THE TASK
A word-for-word copy of the listing is what's needed; leave out every image.

DATA EXTRACT
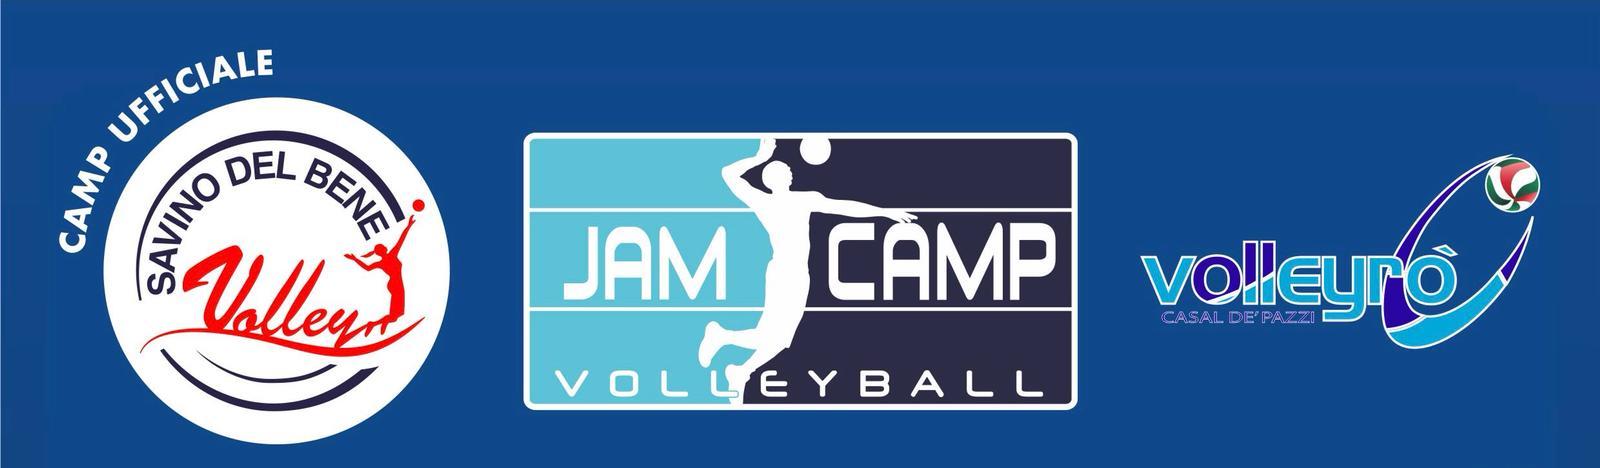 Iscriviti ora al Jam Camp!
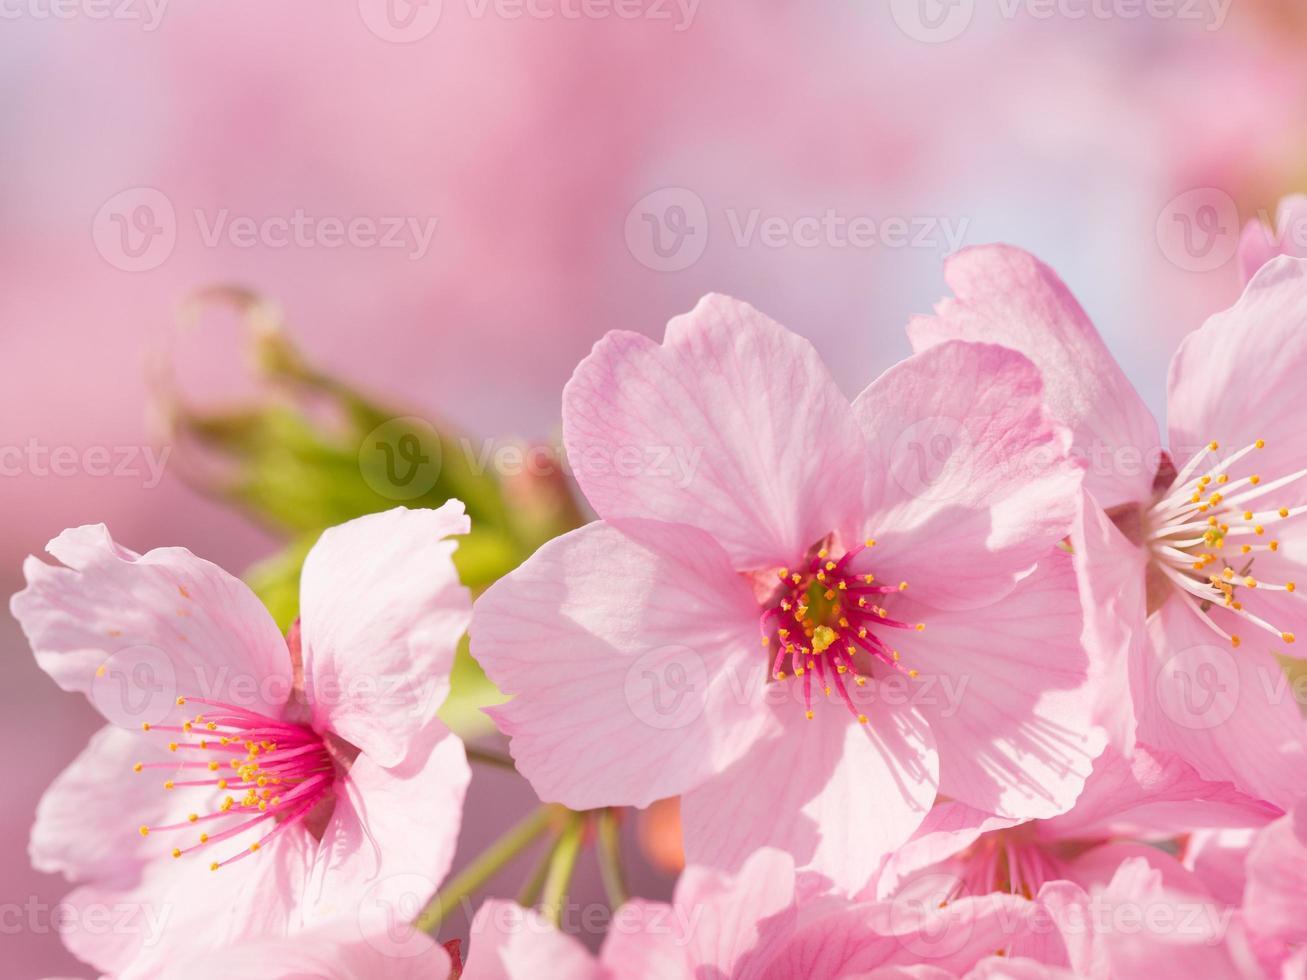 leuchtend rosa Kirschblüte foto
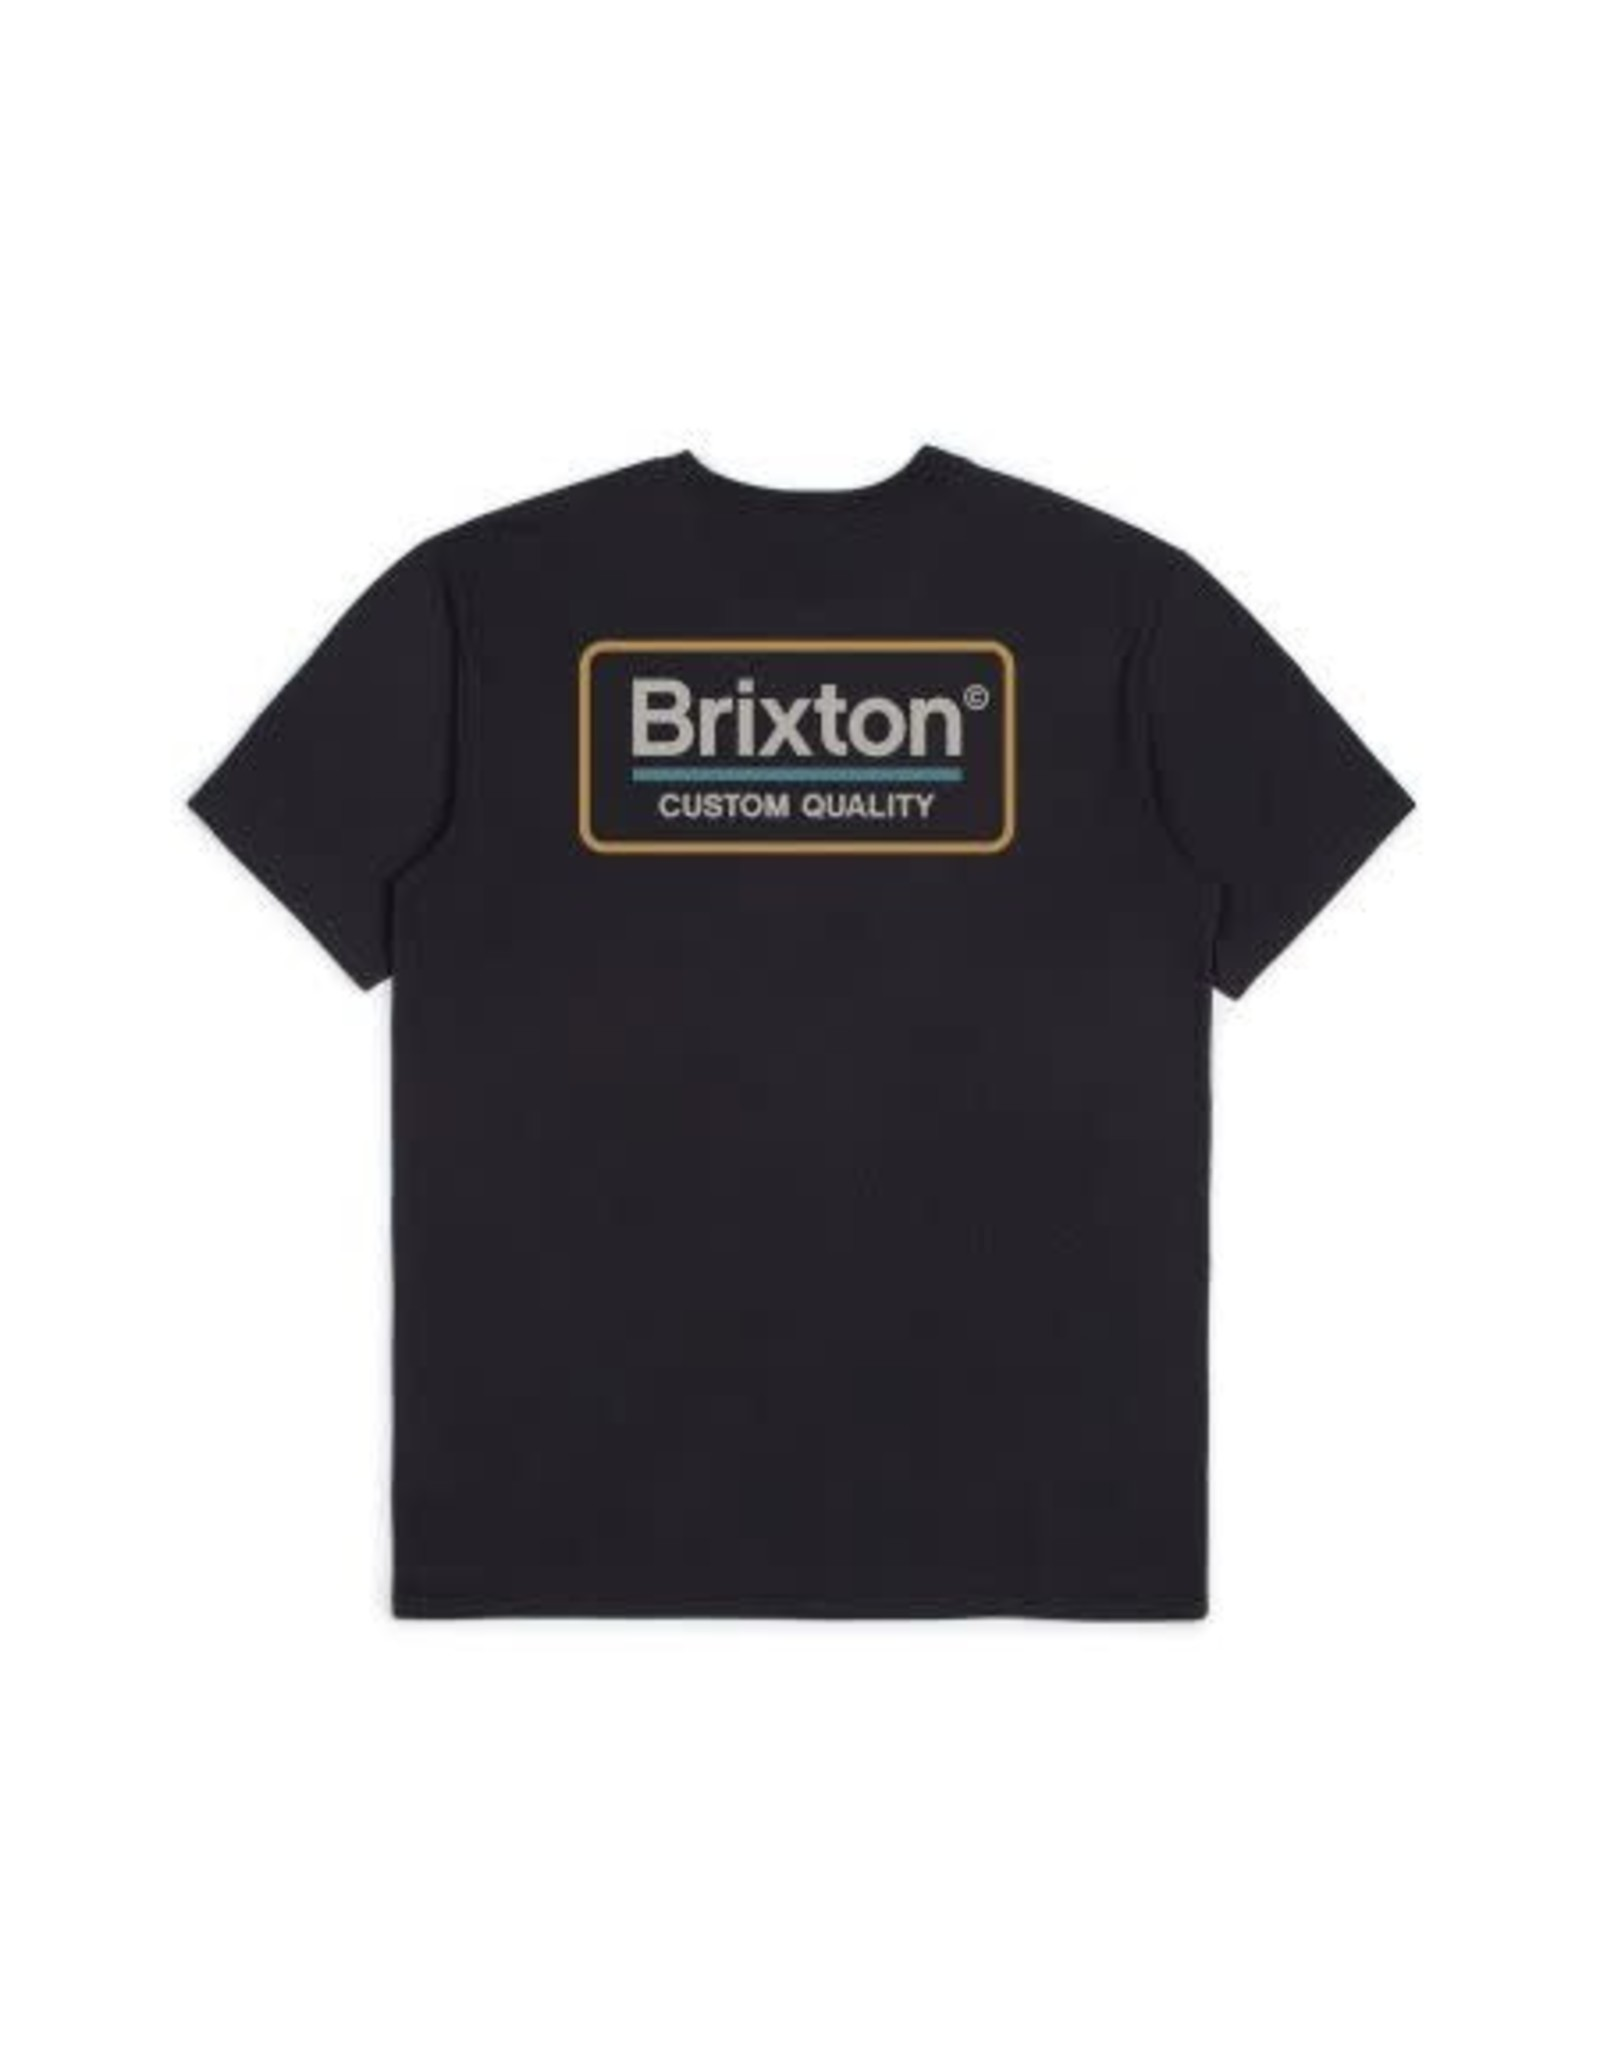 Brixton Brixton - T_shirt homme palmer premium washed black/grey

PROBLEM SOLUTION
 Iscriviti ora al Jam Camp!
 leuchtend rosa Kirschblüte foto
 Brixton Brixton - T_shirt homme palmer premium washed black/grey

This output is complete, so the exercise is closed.